[1]:
%matplotlib inline
from qcodes.dataset.experiment_container import new_experiment
from qcodes.dataset.experiment_container import load_by_id
from qcodes.dataset.plotting import plot_by_id
import nanotune as nt
from nanotune.model.capacitancemodel import CapacitanceModel
Capacitance model for a single dot
Initiate or set database where data should be saved. When initializing a database a new qcodes experiment needs to be created as well.
[2]:
exp_name = 'capacitance_extraction'
sample_name = 'capa_model'
db_name = 'capa_model_test.db'
nt.new_database(db_name, '.')
new_experiment(exp_name, sample_name)
Upgrading database; v0 -> v1: : 0it [00:00, ?it/s]
Upgrading database; v1 -> v2: 100%|█████████████████████████████████████████████████████| 1/1 [00:00<00:00, 498.49it/s]
Upgrading database; v2 -> v3: : 0it [00:00, ?it/s]
Upgrading database; v3 -> v4: : 0it [00:00, ?it/s]
Upgrading database; v4 -> v5: 100%|█████████████████████████████████████████████████████| 1/1 [00:00<00:00, 332.35it/s]
Upgrading database; v5 -> v6: : 0it [00:00, ?it/s]
Upgrading database; v6 -> v7: 100%|█████████████████████████████████████████████████████| 1/1 [00:00<00:00, 166.01it/s]
Upgrading database; v7 -> v8: 100%|█████████████████████████████████████████████████████| 1/1 [00:00<00:00, 499.56it/s]

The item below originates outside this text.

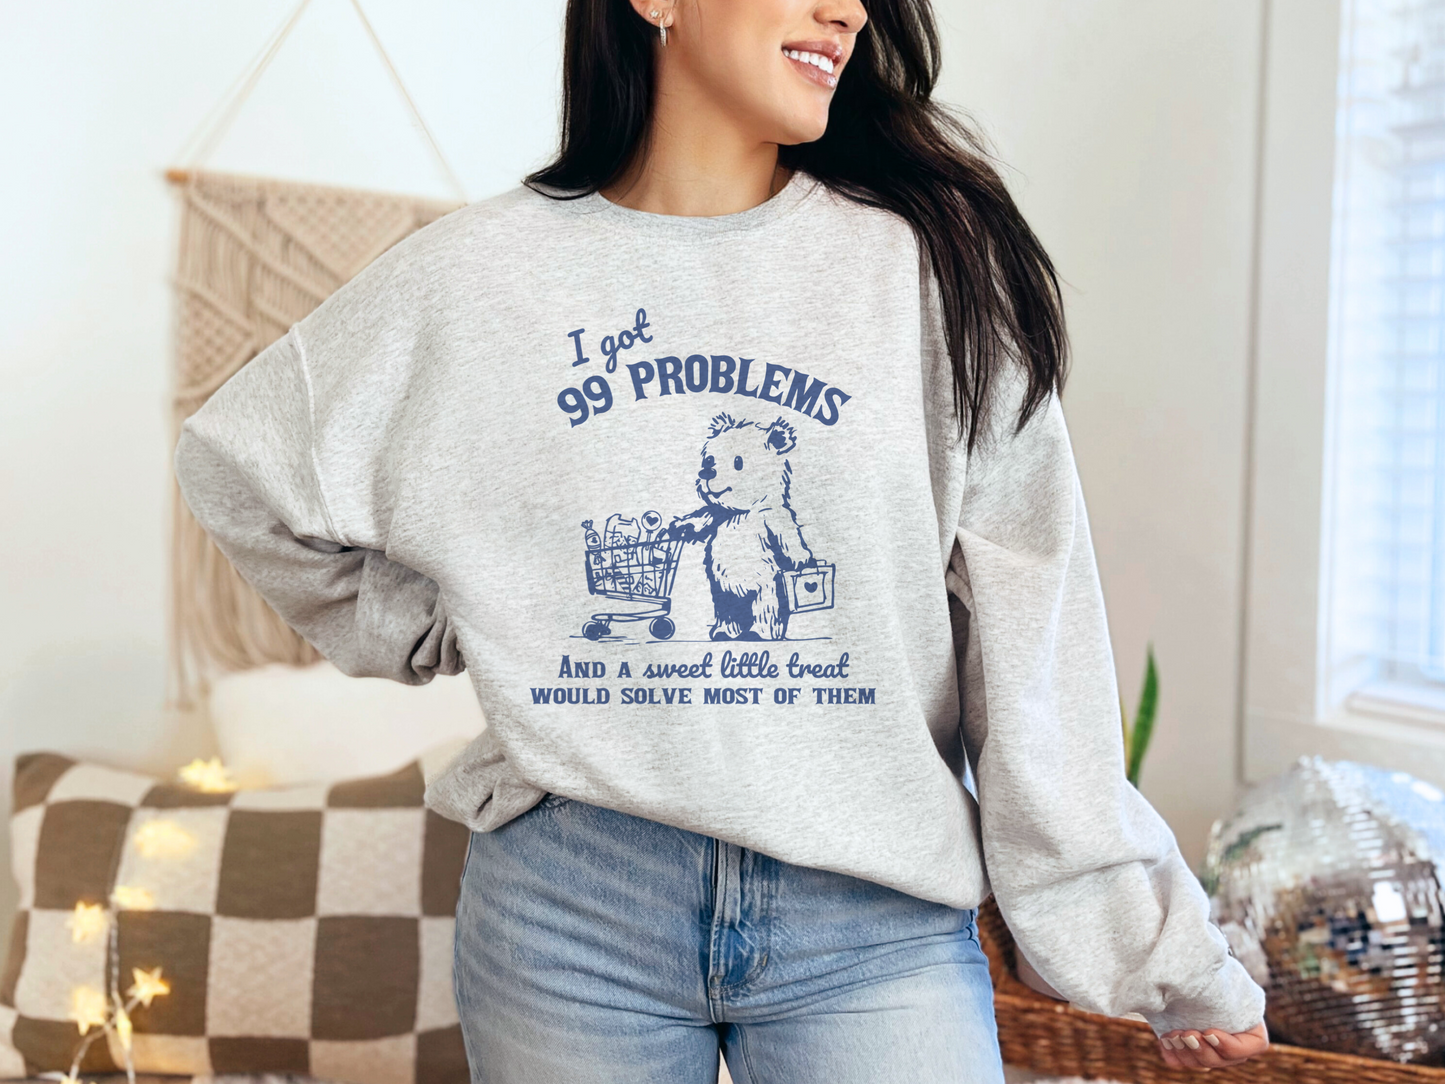 I Got 99 Problems Graphic T-Shirt or Sweatshirt

Upgrading database; v8 -> v9: 100%|█████████████████████████████████████████████████████| 1/1 [00:00<00:00, 500.27it/s]
[2]:
capacitance_extraction#capa_model#1@C:\Workshop\nanotune\docs\examples\capa_model_test.db
-----------------------------------------------------------------------------------------
Initialize an instance of CapacitanceModel with three gates and one dot
[3]:
voltage_nodes = {
0: 'left_barrier',
1: 'plunger',
2: 'right_barrier',
}
charge_nodes = {
0: 'A',
}
qdot = CapacitanceModel(
'qdot',
charge_nodes=charge_nodes,
voltage_nodes=voltage_nodes,
db_name=db_name,
db_folder='.'
)
Set voltages, define capacitance matrix and calculate the corresponding ground state dot occupation. Negative electron occupations are not allowed, they are replaces with zero.
[4]:
qdot.V_v([
-1.55, # left_barrier
1, # plunger
-3.5, # right_barrier
])
# capacitances between gates and dots
qdot.C_cv(
# left_b plunger right_b
[[-0.1, -1.3, -2]],
)
print(qdot.determine_N())
[0.0]
Determine the voltage range required to sweep in order to measure specific charge states (dot occupancies)
[5]:
N_limits = [(0, 2)]
sweep_ranges = qdot.determine_sweep_voltages([1], N_limits=N_limits)
print(sweep_ranges)
[(5.5038085937500085, 7.042281652688992)]
[6]:
dataid = qdot.sweep_voltage(
1,
sweep_ranges,
n_steps=200,
normalize=False,
)
plot_by_id(dataid)
Starting experimental run with id: 1.
[6]:
([<AxesSubplot:title={'center':'Run #1, Experiment capacitance_extraction (capa_model)'}, xlabel='voltage node plunger (V[1]) (V)', ylabel='Gate R (V)'>],
[None])
Let’s change the voltage configuration to see what happens to the Coulomb peaks
[7]:
qdot.V_v([
-3, # left_barrier
1, # plunger
-3.5, # right_barrier
])
dataid = qdot.sweep_voltage(
1,
sweep_ranges,
n_steps=200,
normalize=False,
)
plot_by_id(dataid)
Starting experimental run with id: 2.
[7]:
([<AxesSubplot:title={'center':'Run #2, Experiment capacitance_extraction (capa_model)'}, xlabel='voltage node plunger (V[1]) (V)', ylabel='Gate R (V)'>],
[None])